Hanni erwachte aus einem schlimmen Traum. Sie war wie vor den Kopf geschlagen. Dieser stille, gütige Mensch – ein Zuchthäusler? Darum also sein gedrücktes Wesen all die Wochen her! Was mochte der Arme gelitten haben! Eine Welle von Mitleid flutete durch ihr Herz. Sie sprang erregt in die Höhe und rief:

»Ihre Richter waren Esel! Verzeihen Sie den schroffen Ausdruck. Aber da hört ja die Weltgeschichte auf. Sie – und ein Verbrechen! Das ist Irrsinn. Ein bißchen Menschenkenntnis traue ich mir schließlich auch zu. Was wollen Sie denn mit dem Kuvert? Geld? Nicht zu machen. Ich will nichts gehört haben.«

»Sie sind ein gutes Ding, Fräulein Delius«, sagte Markus gerührt. »Aber ich gebe Ihnen zu bedenken, daß Sie sich mit mir kompromittieren.«

»Was gehen mich die Leute an«, erwiderte sie und war bereit, Scheithauer nach dem Nordpol zu folgen.

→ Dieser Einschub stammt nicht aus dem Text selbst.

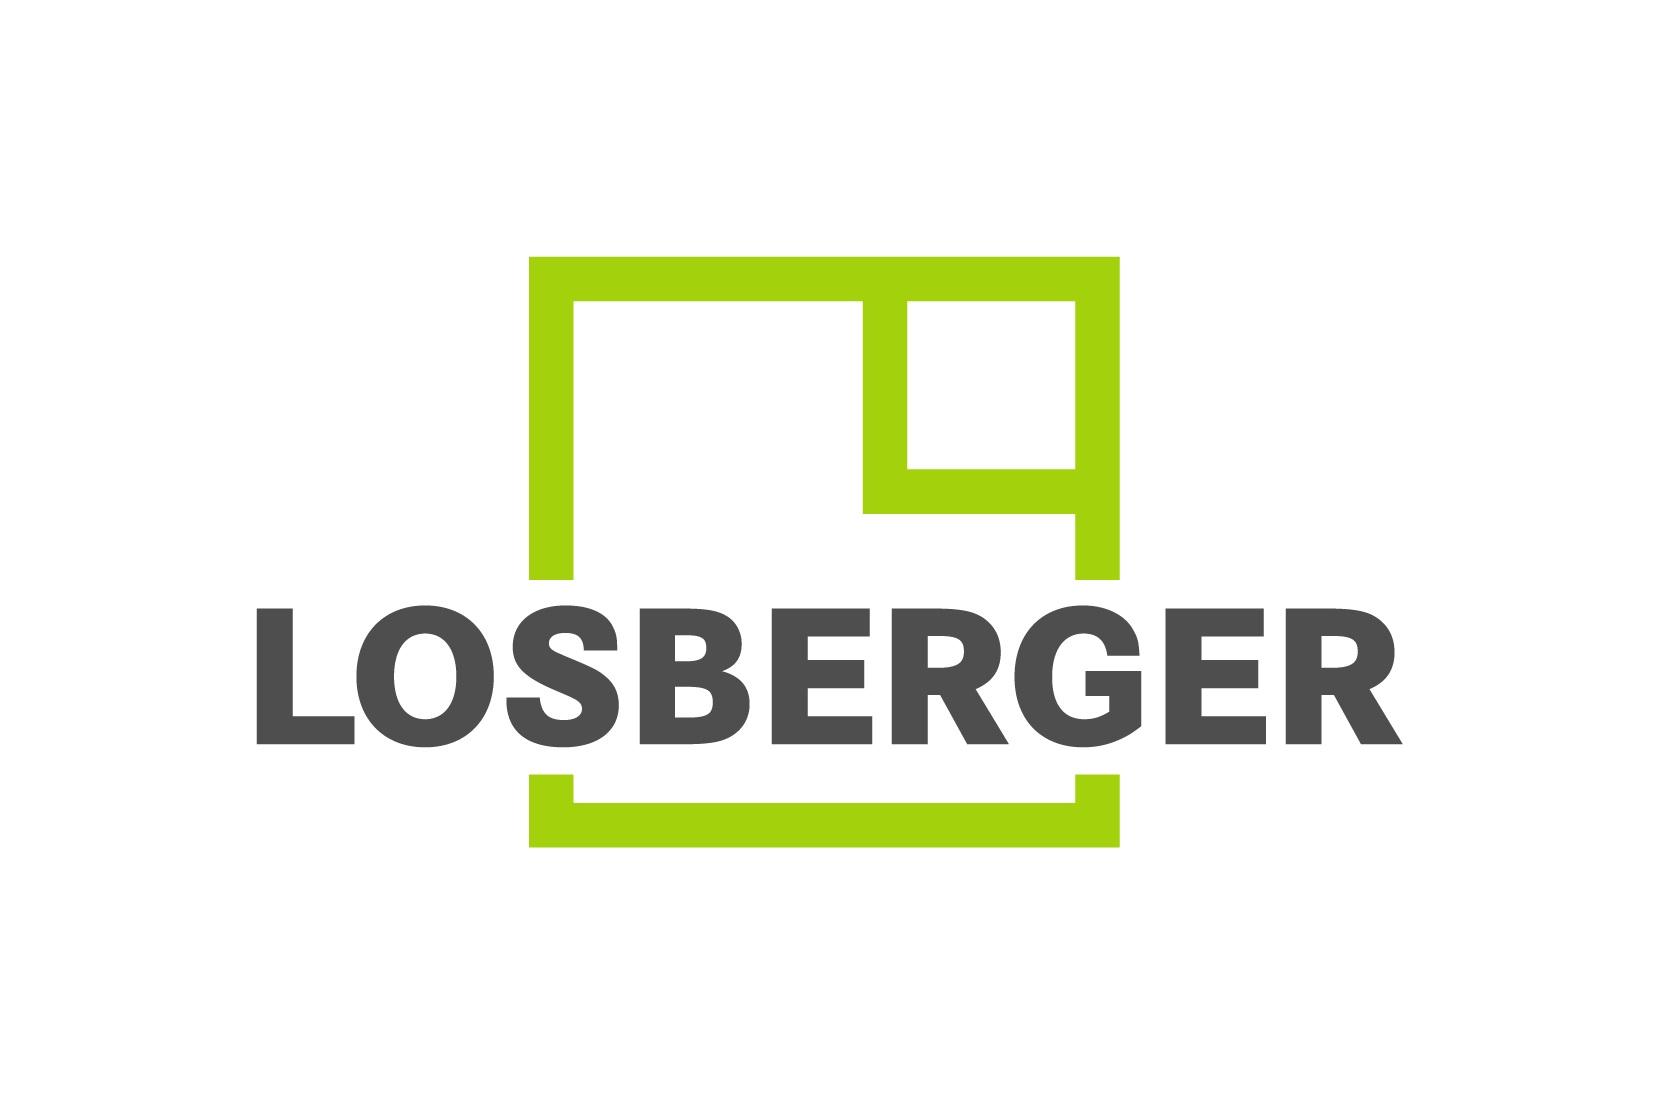 losberger logo

Markus erinnerte sich seiner finanziellen Lage, die nicht rosig war. Konnte er es verantworten, sich noch länger den Luxus einer Reisebegleiterin zu leisten? Er bat:

»Vernünftig sein, Fräulein Delius. Es ist nicht nur wegen der Leute.«

»Sondern?«

»Ich benötige Sie nicht mehr«, sagte er so schonend wie möglich. »Bedenken Sie, meine Praxis ist vernichtet. Es ist bestimmt das beste, wir trennen uns jetzt.«

Er schickt mich weg, dachte sie, und ihr Herz zog sich schmerzhaft zusammen.

»Schön, ich will mich nicht aufdrängen.«

»Wann gedenken Sie zu fahren, Fräulein Delius?«

»Morgen mittag«, entgegnete sie tapfer; aber das Weinen war ihr nahe.

In dieser Stunde wurde sie sich bewußt, daß sie Markus Scheithauer liebte.